TMC adopts short-term curriculum

The Medical Council of Thailand is on the verge of approving short-term certificate programmes in several medical procedures, a move seen as a stamp of approval for the growing number of cosmetic surgeons.

Late last year, the council came under pressure from a group of doctors not fully qualified as plastic surgeons to set up short-term certificate training in "aesthetic surgical procedures". The group of doctors, who call themselves "aesthetic practitioners", want approval to perform both facial cosmetic surgery and non-surgical treatments, such as Botox injections.

"In the past, it would take up to three years to become a specialist, but we think it's a waste of time," council president Somsak Lolekha told the Bangkok Post Sunday. "For instance, it's not necessary to study for two years to be able to perform [aesthetic] eye surgery, which can be learned in six months."

The Association and Academy of Cosmetic Surgery and Medicine estimates that there are over 1,000 aesthetic practitioners in Thailand, more than half of whom are general practitioners. In contrast, there are only 353 plastic surgeons, with roughly 20 physicians achieving board certification in plastic surgery each year by the Royal College of Surgeons of Thailand, according to the Society of Plastic and Reconstructive Surgeons of Thailand.

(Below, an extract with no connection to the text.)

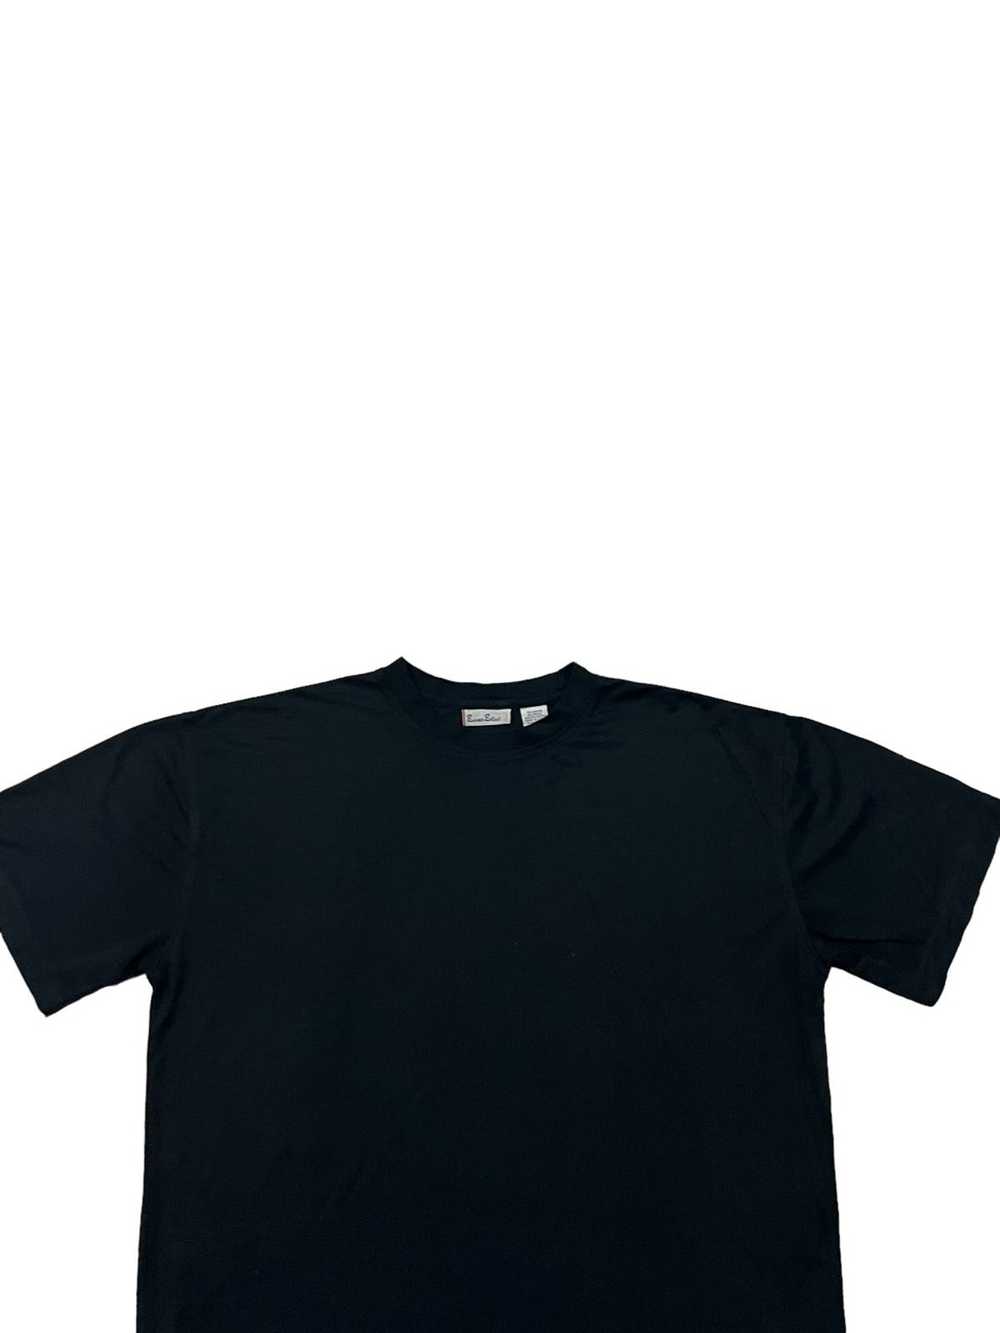 Burma Bibas Burma Bibas T-shirt Size M -Black- - image 3

The short-term courses will be divided into specific procedures, which could include, for instance, nose augmentation and double eyelid surgery. The Royal College of Otolaryngologists -- Head and Neck Surgeons of Thailand, one of the professional medical organisations taking part in the drafting of the curriculum, will be responsible for drafting courses on nose surgery, said Dr Somsak, adding that details will be finalised by the end of the year. Although participants will receive a certificate from the medical council upon finishing a course, they do not qualify as a "specialist", he said.

The council will also set guidelines to identify the qualifications of physicians performing each procedure, which includes the type of procedures that can be performed at clinics as opposed to hospitals, and what type of procedures can only be performed by surgeons.

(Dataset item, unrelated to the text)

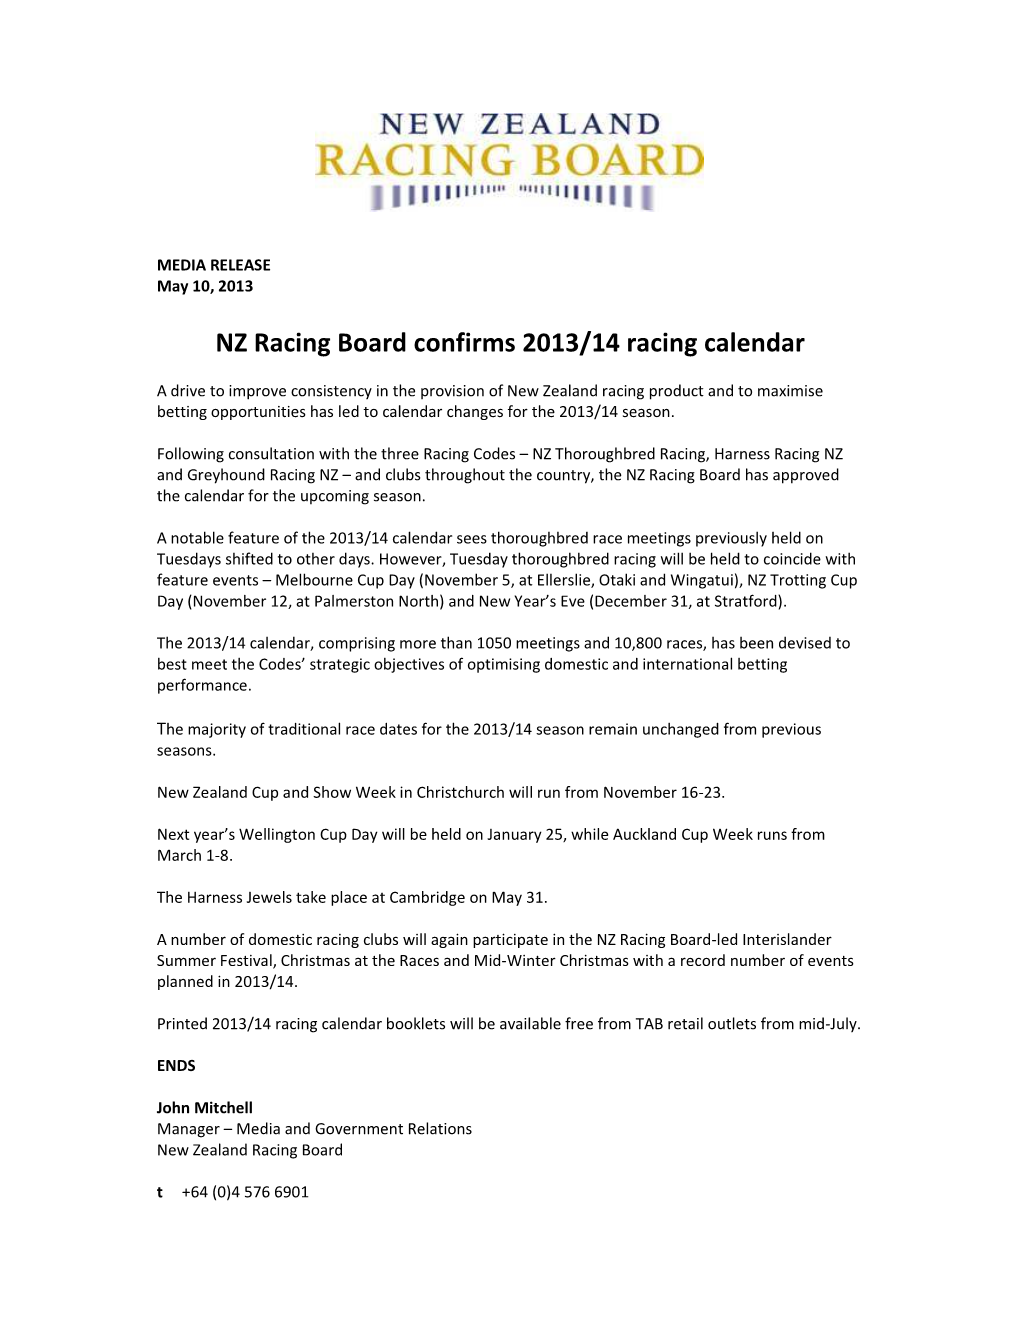 NZ Racing Board Confirms 2013/14 Racing Calendar

But Suthee Rattanamongkolgul, head of Srinakharinwirot University's Department of Preventive and Social Medicine, opposed the move, saying that the demand for aesthetic surgery is driven by marketing rather than public health issues.

"We have to ask whether there are deeper issues involved, and whether the medical council themselves [have a conflict of interest]," Dr Suthee said. "When the council, which acts as a regulator, is on the same side as the provider [of services], how can we guarantee that the provider is in line with regulations?"

Dr Somsak denied there is a conflict of interest, saying the council does not allow members who have a conflict of interest to take part in any decision-making process. The committee to approve issues regarding the short-term certificate training, for instance, consist of professors from professional medical institutes, he said.

"The secretary-general is not allowed to sit in the committee because he is involved in nose surgery," said Dr Somsak, referring to Sampan Komrit, an ear, nose and throat doctor who was under fire two years ago after reports emerged that he was conducting training courses in nose augmentation for physicians costing hundreds of thousands of baht.

Dr Sampan is well known for his mantis nose implants which he designed himself.